▸ **Available data**:
● ● ● ● ● ● ●
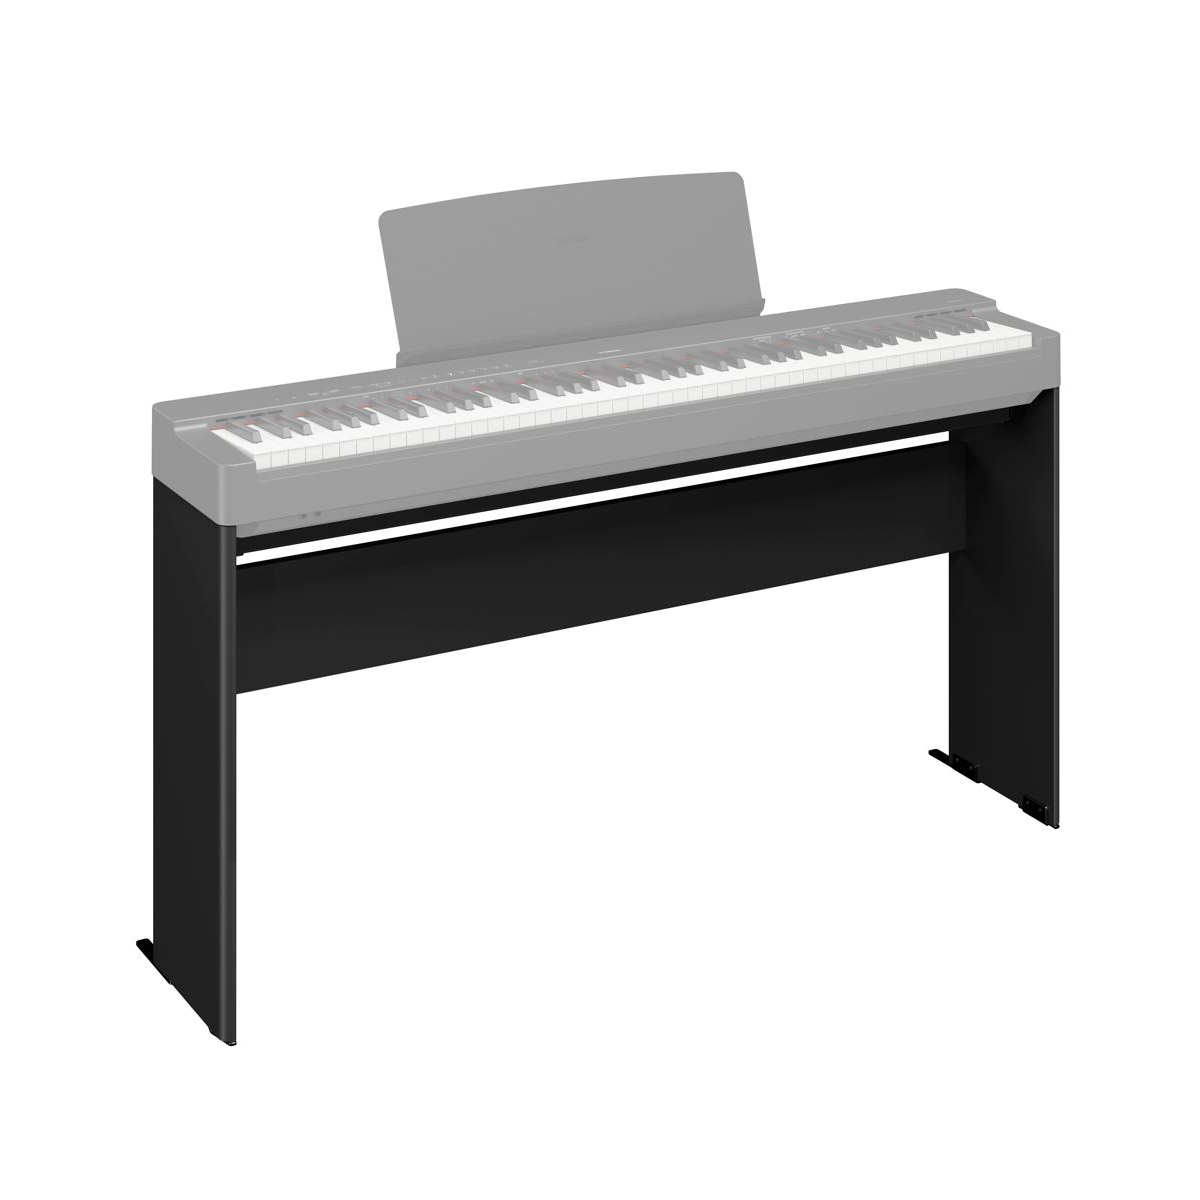 Instruments à clavier - Claviers - Instruments de musique - Produits -  Yamaha - Canada - Français
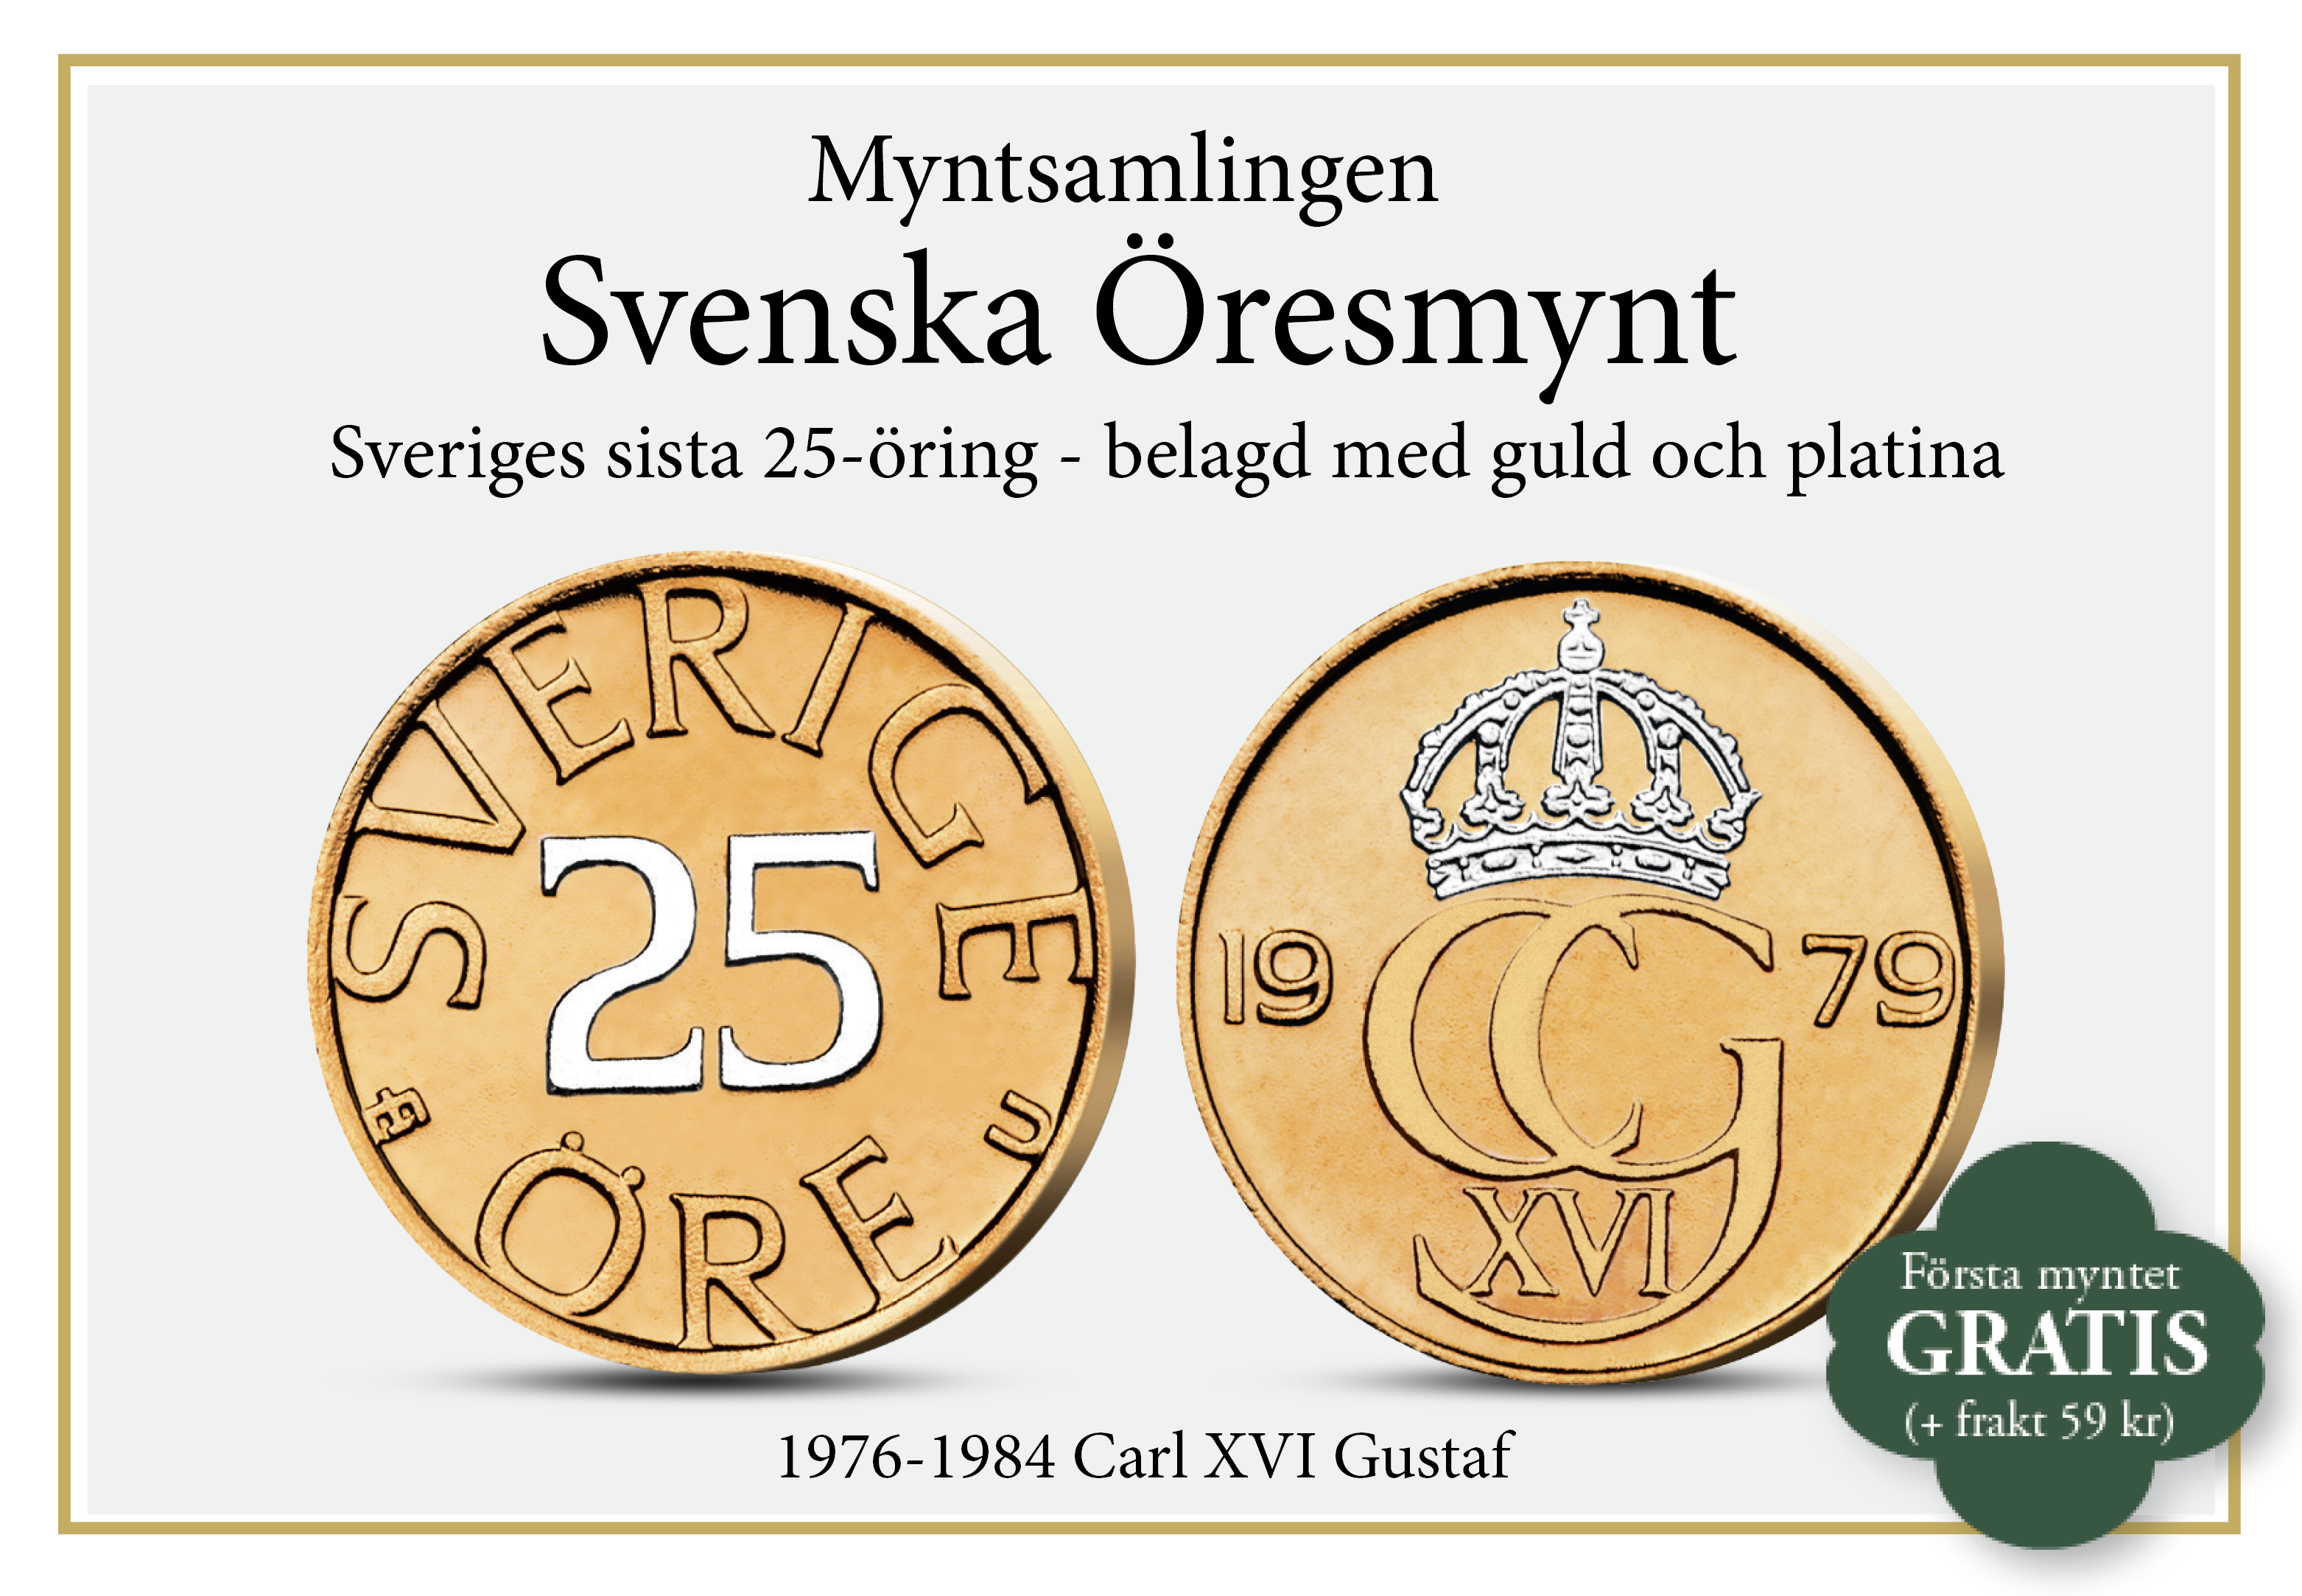 Sveriges sista 25-öring - belagd med guld och platina
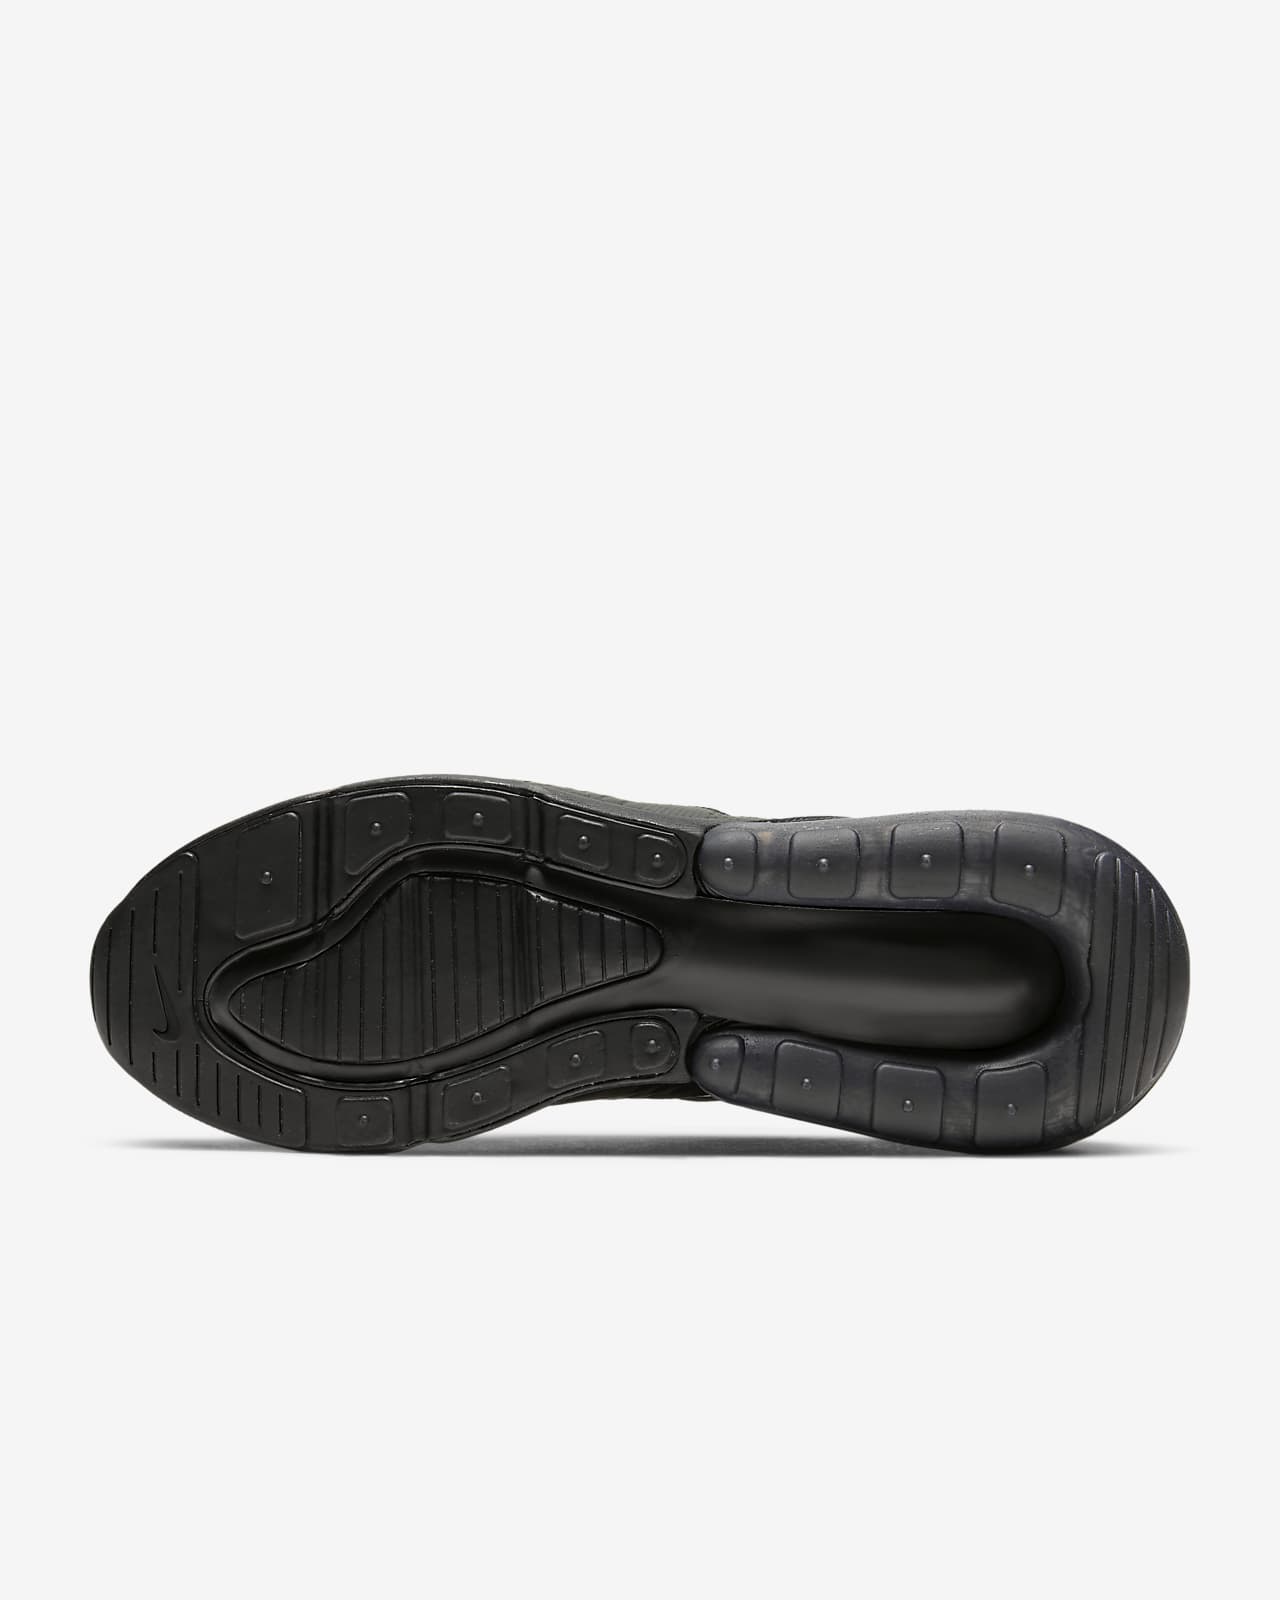 Nike Air Max 270 Men's Shoe. Nike LU
● ● ● ● ● ● ●
▸ **What you should do**: From the first line to the last, copy the listing above exactly and leave out the images.

▸ **Finished exercise**:
 Instruments à clavier - Claviers - Instruments de musique - Produits -  Yamaha - Canada - Français
 Sveriges sista 25-öring - belagd med guld och platina
 Nike Air Max 270 Men's Shoe. Nike LU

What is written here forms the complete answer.